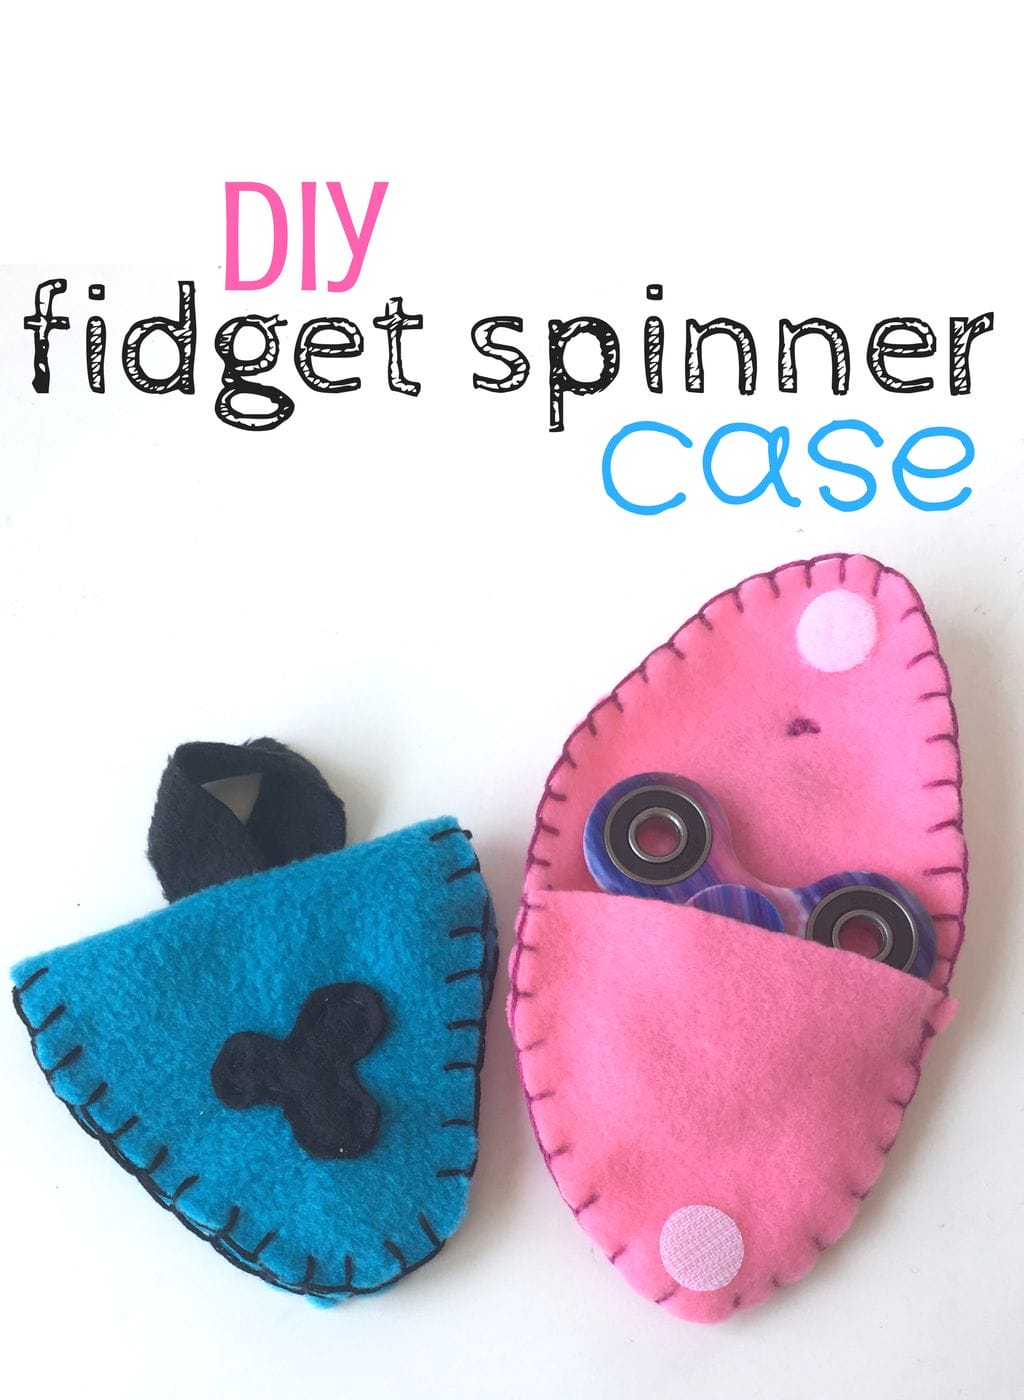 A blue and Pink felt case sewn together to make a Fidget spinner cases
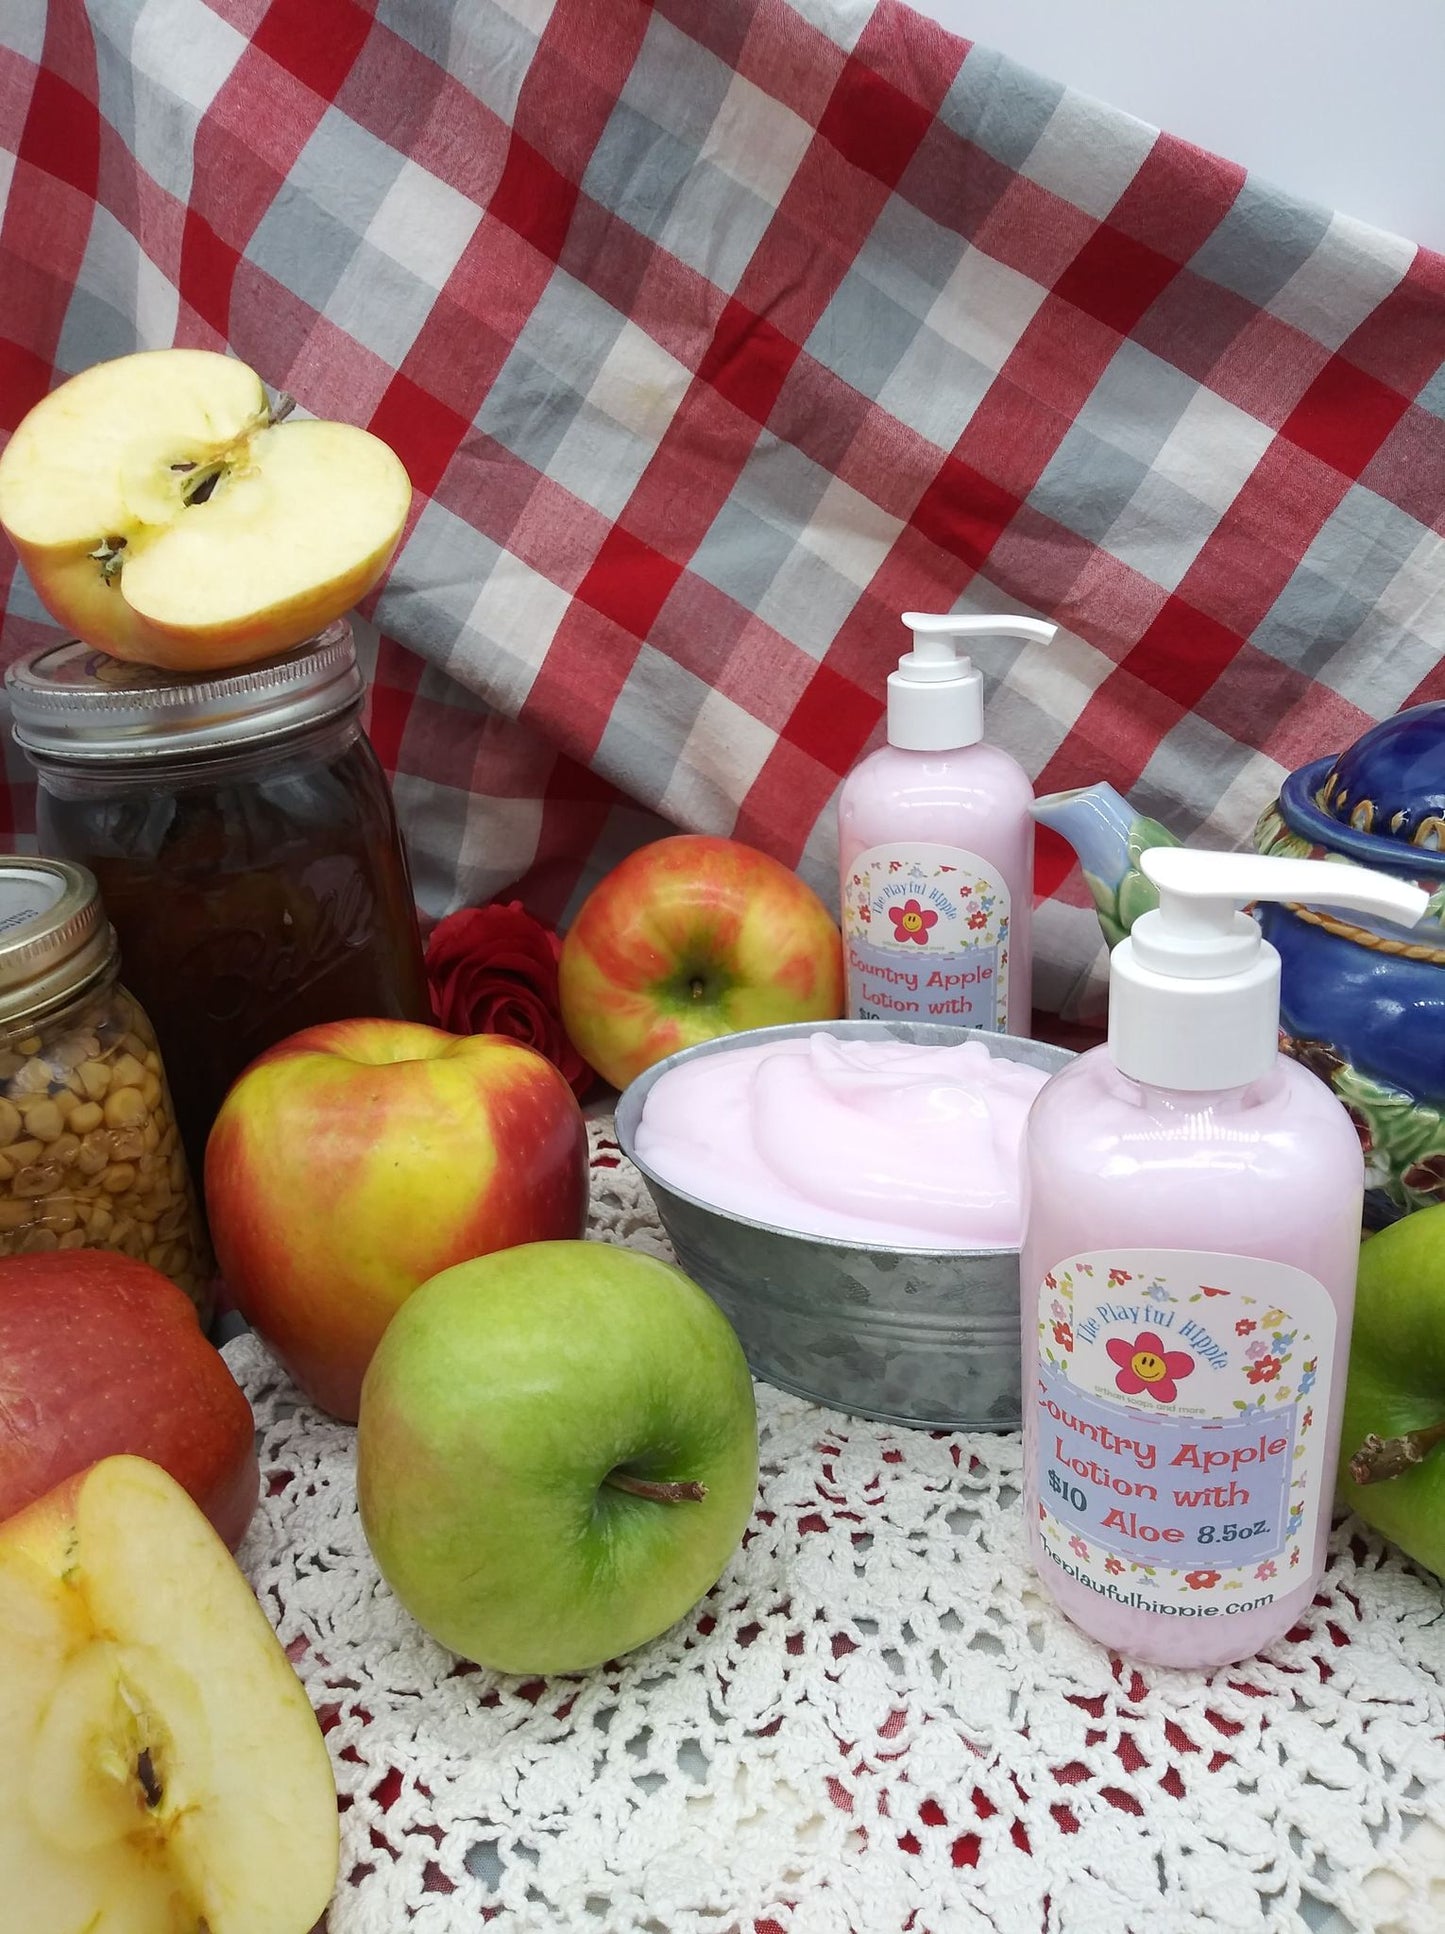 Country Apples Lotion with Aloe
---
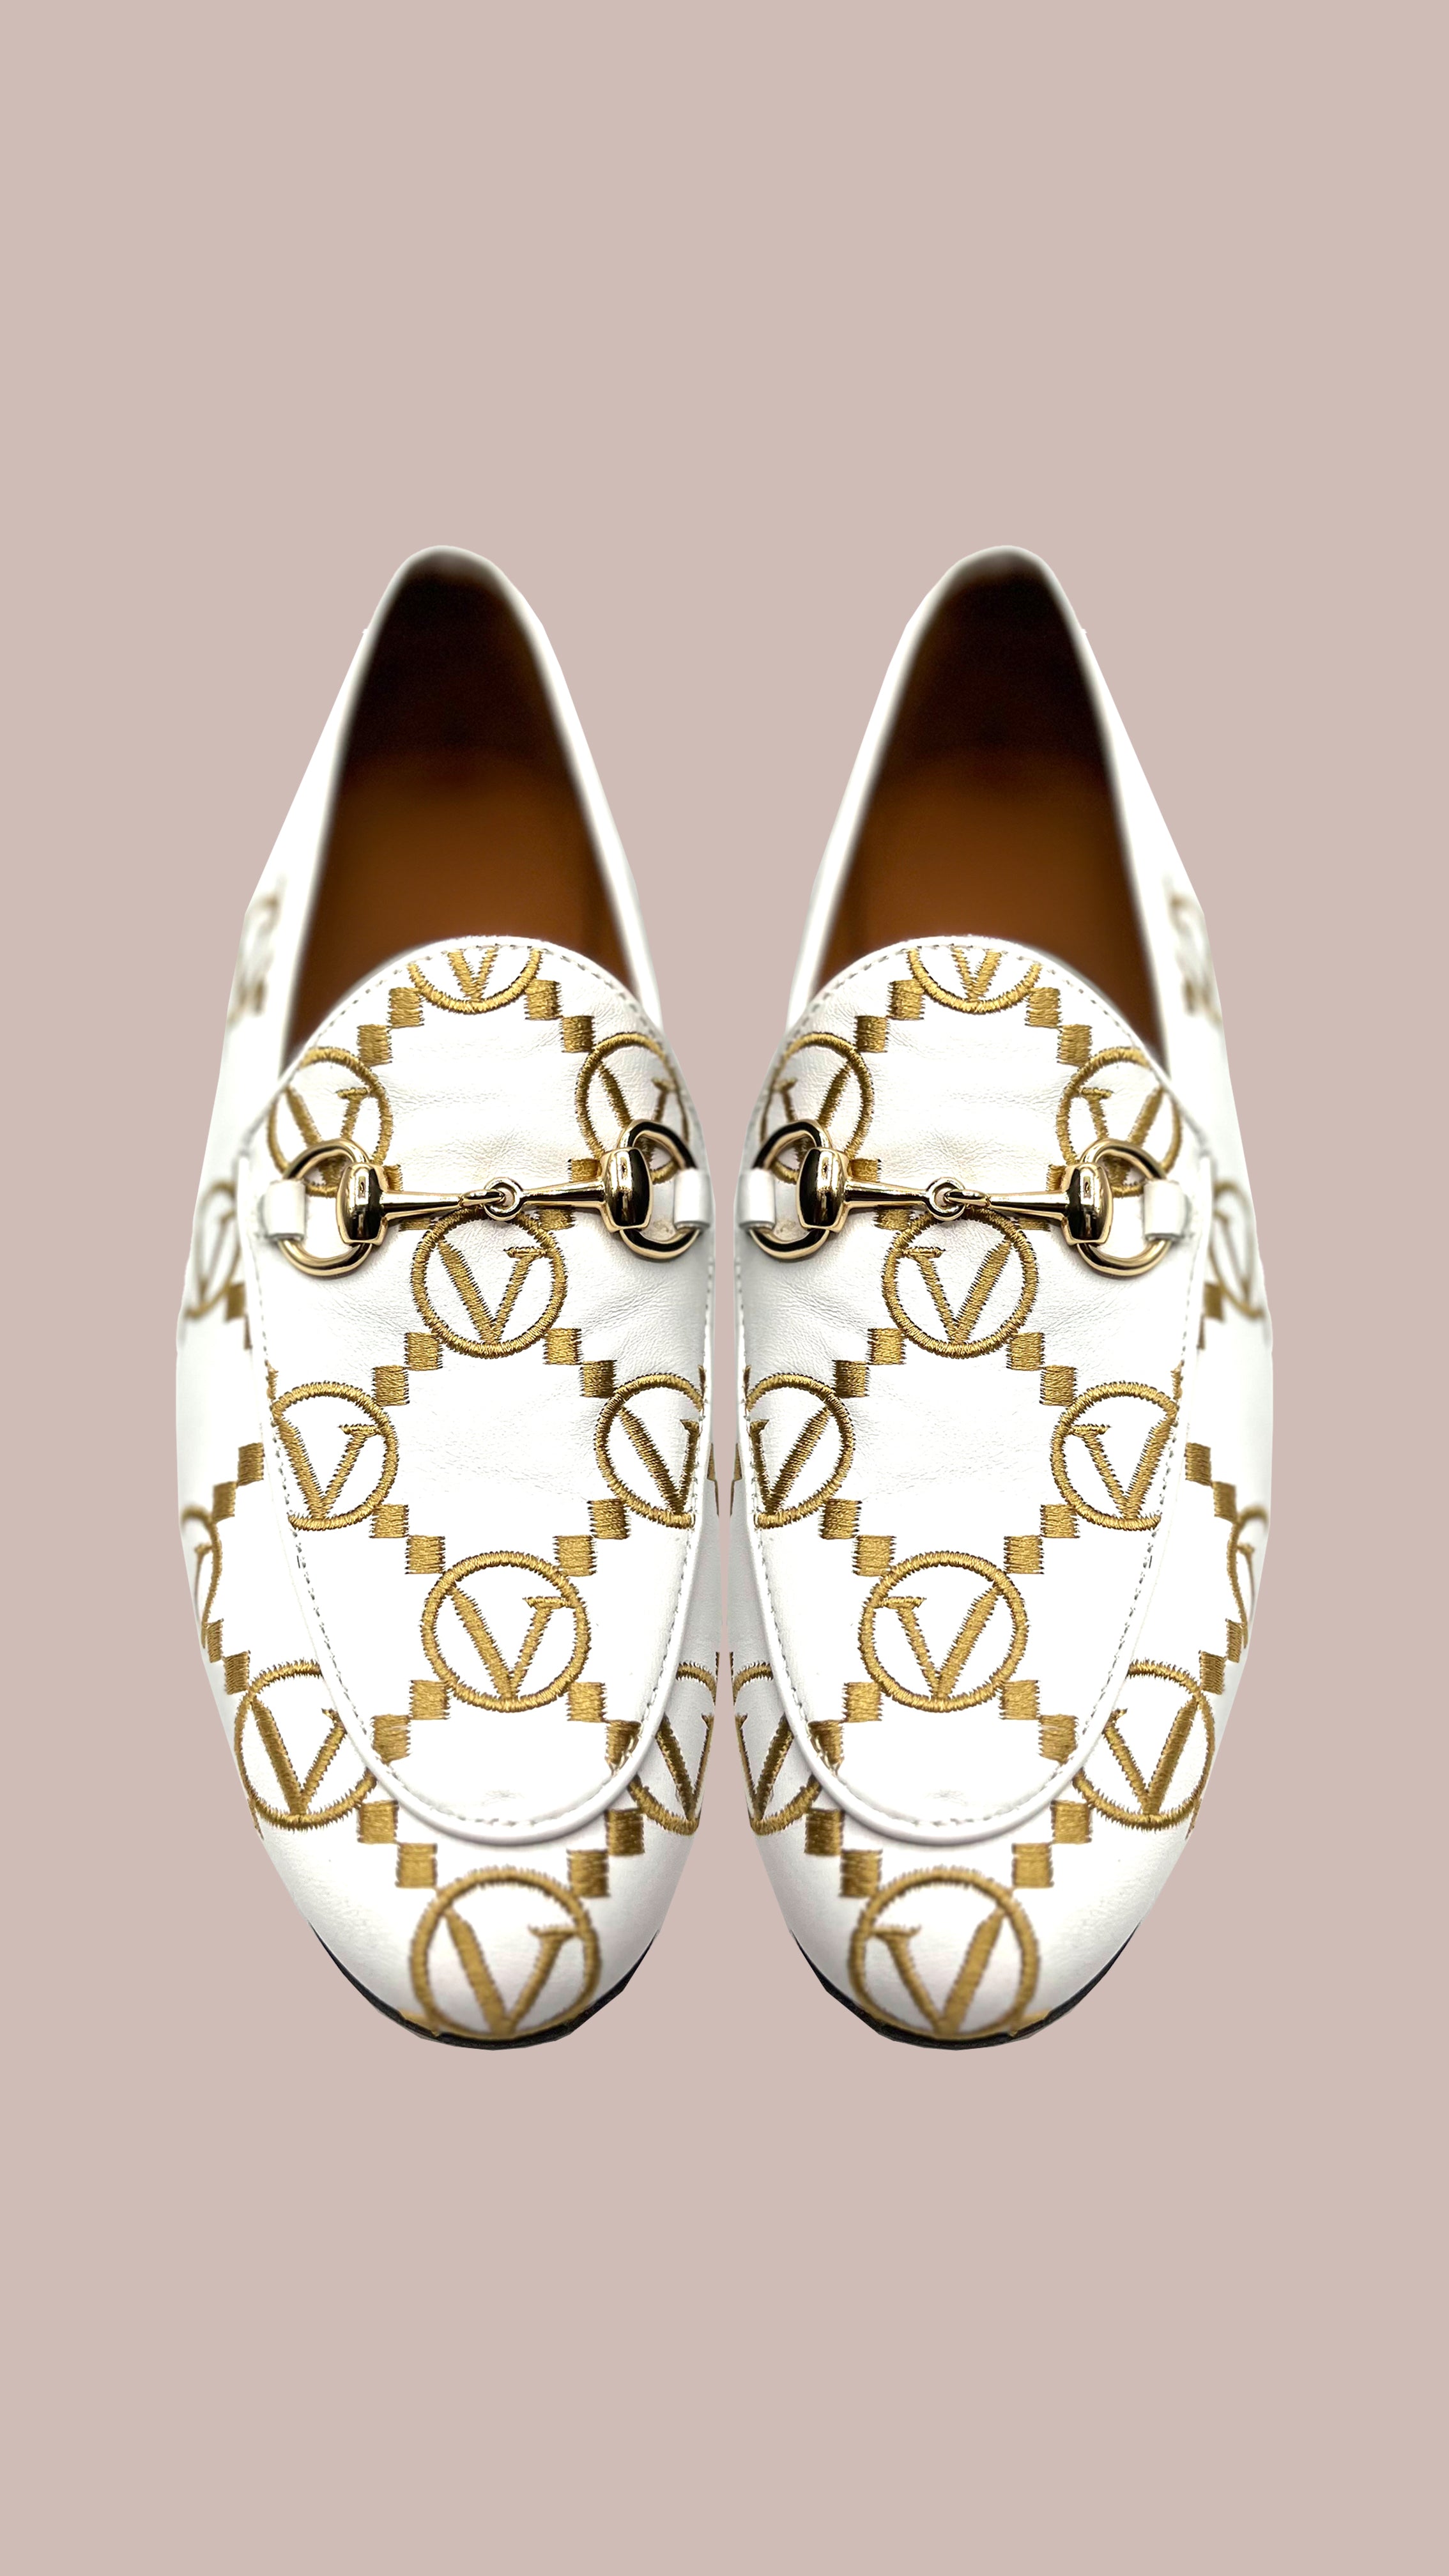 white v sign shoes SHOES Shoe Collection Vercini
* * *
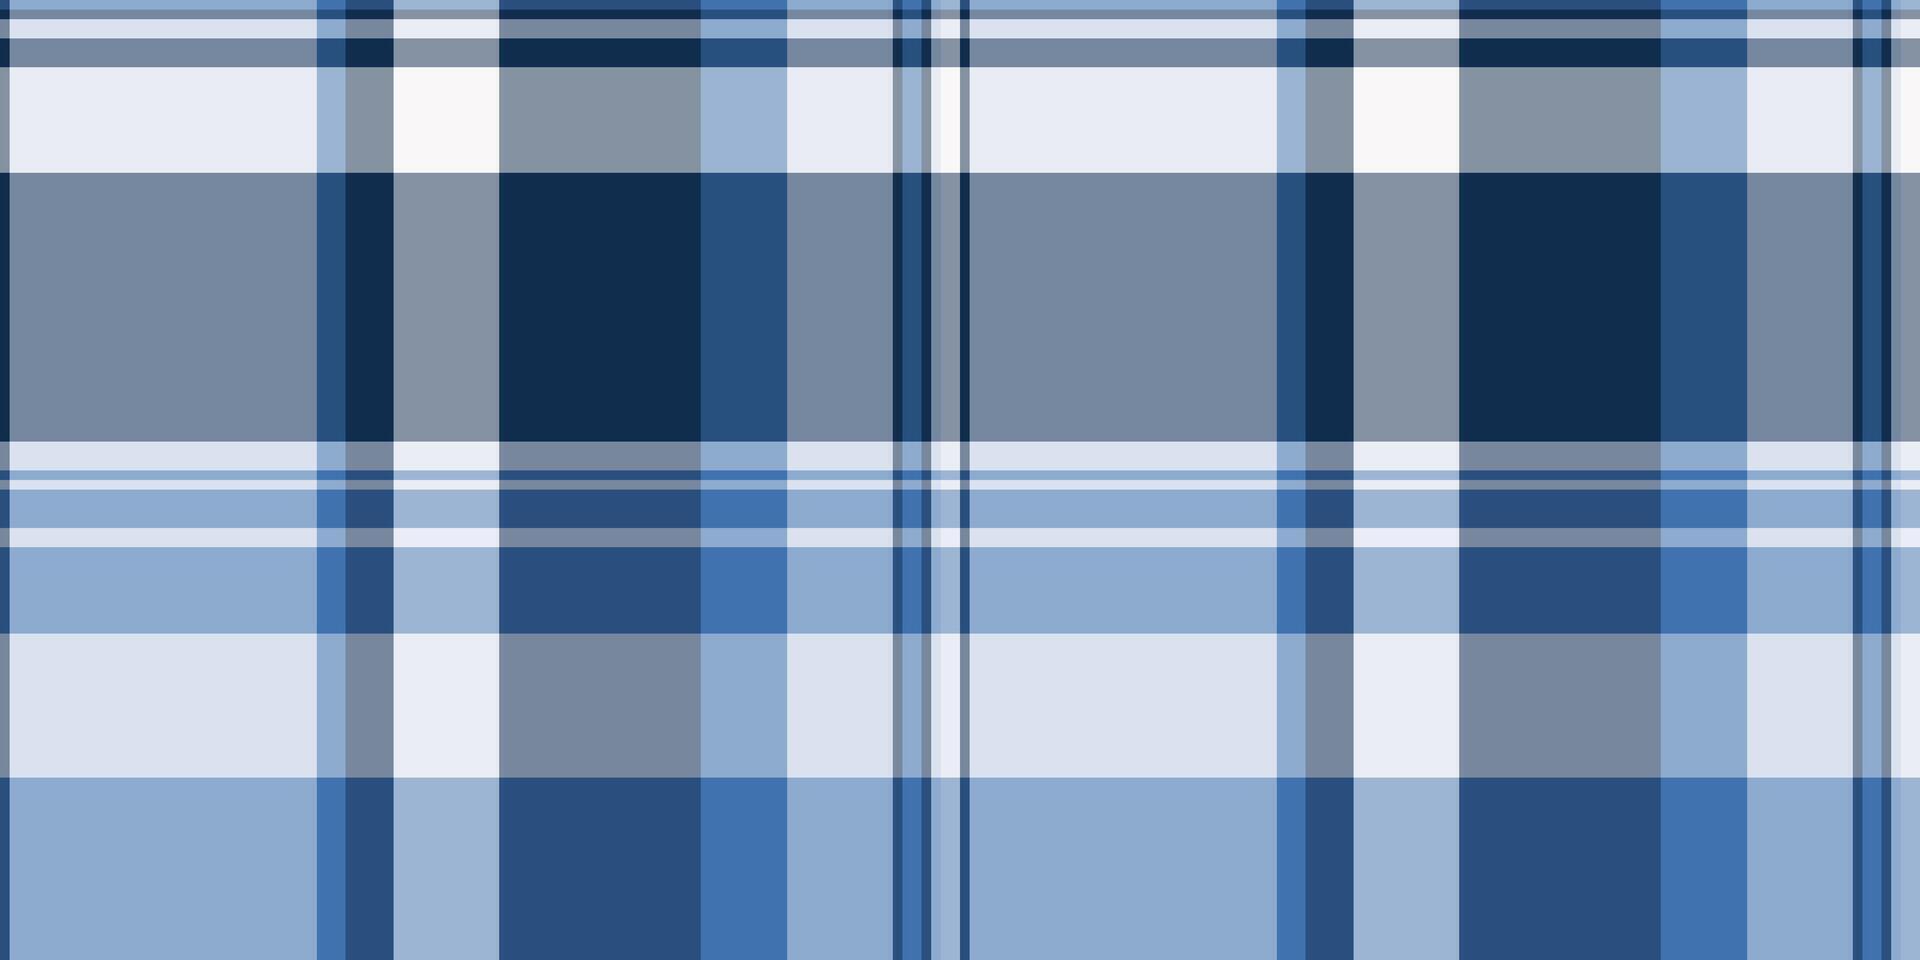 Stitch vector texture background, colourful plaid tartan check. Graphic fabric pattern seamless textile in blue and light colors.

*What you are asked to do*. Each line above that falls between the line with "A blue and Pink" and the line with "Country Apples Lotion with Aloe" should be printed exactly, together with those two lines, but the pictures should not.

*Task output*.
 A blue and Pink felt case sewn together to make a Fidget spinner cases
 Country Apples Lotion with Aloe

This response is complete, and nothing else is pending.